Eastern Daily Press: Ken Woolley pressing apples at the Harleston Cider Company, based at Palgrave. Picture: DENISE BRADLEYKen Woolley pressing apples at the Harleston Cider Company, based at Palgrave. Picture: DENISE BRADLEY (Image: Archant)

Cider makers are celebrating a near-perfect growing season, with no frosts to kill off apple blossoms before pollination, and the hot weather between June and August increasing flavours in the apples – and consequently in cider.

Harleston Cider Co sources and presses apples from within 10 to 15 miles of its base at Palgrave, near Diss, and ferments the extracted juice using the natural yeast and sugars in the fruit.

Master cider maker Ken Woolley said the summer heatwave had made this year's apples juicier and sweeter than usual.

'I have been making cider for ten years, and this is certainly the best year for flavour,' he said. 'You can tell just by tasting it.

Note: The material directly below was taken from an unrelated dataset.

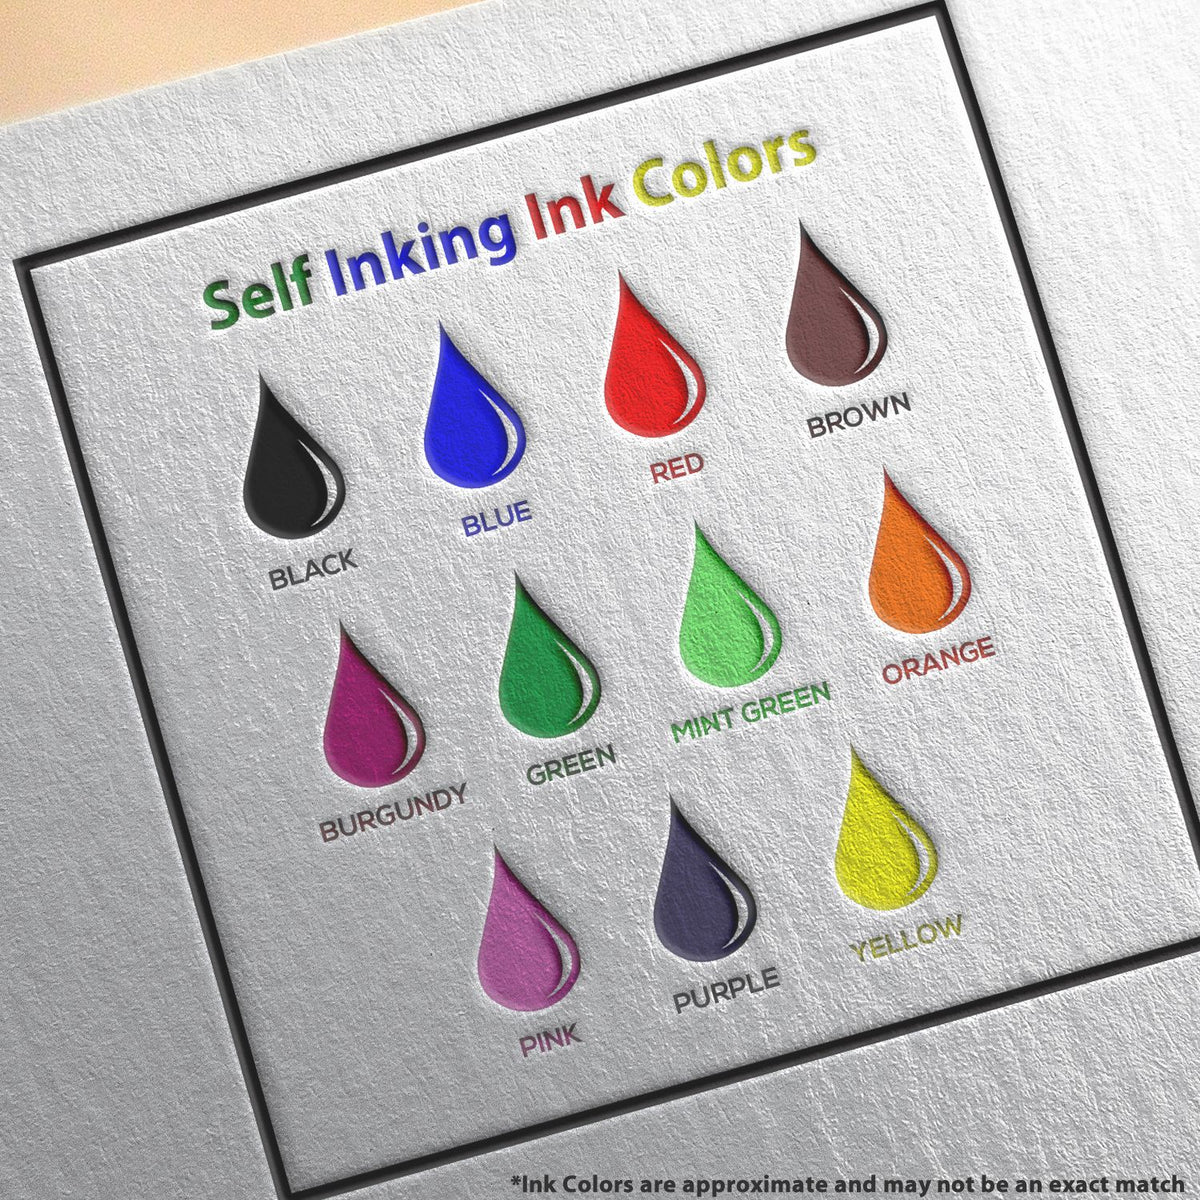 A picture showing the different ink colors or hues available for the Self-Inking Michigan PE Stamp product.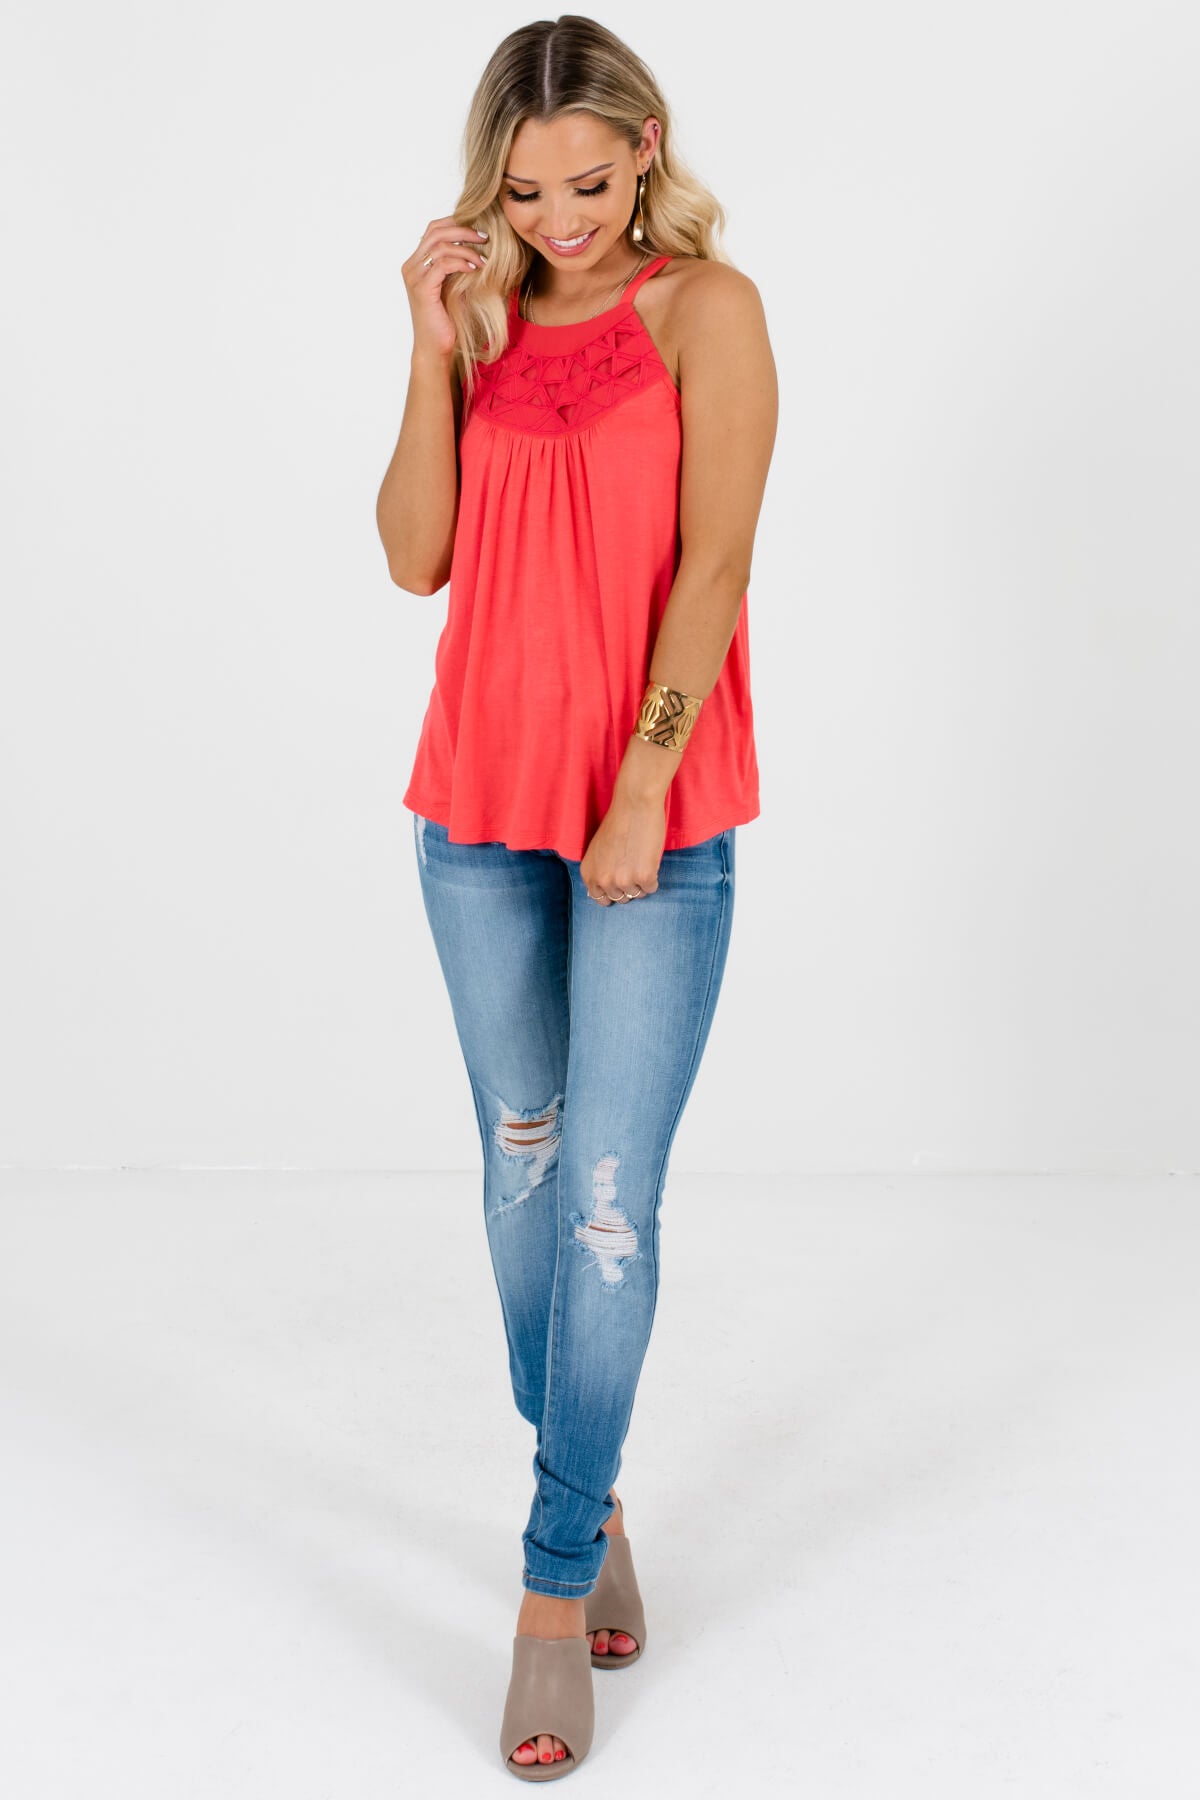 Bright Coral Tank Tops Affordable Online Boutique for Women

'There is more complexity in the cider, and there are some floral notes and some tropical fruits in there. The yield [of apple juice] is nearly 70pc this year, and it is usually 60pc, so the apples are much juicier.

'And the hot summer has increased the natural sugars in the apples, which are 10pc up this year, so that also increases the flavour.'

Mr Woolley said while commercial apples in orchards would have been irrigated to keep them growing throughout the extended dry spell, wild apples and fruit from people's gardens are noticeably smaller this year.

He said the cidery used 10-15 different varieties of apples, including some donated by customers.

'To have the diversity in the cider we like to have lots of different apples,' he said. 'A number of people have donated apples this year, in exchange for cider, and we have also bought in apples from local, commercial orchards.

'The company has carried out four pressings to date using about eight tonnes of fruit.'

The family firm produces four still ciders, an ice cider, and a spicy 'fire cider' vinegar.

It produced an award-winning perry in 2016 and this year the bumper harvest, including some wild perry pears from near the cidery, has prompted the production of a new product, Palgrave Perry.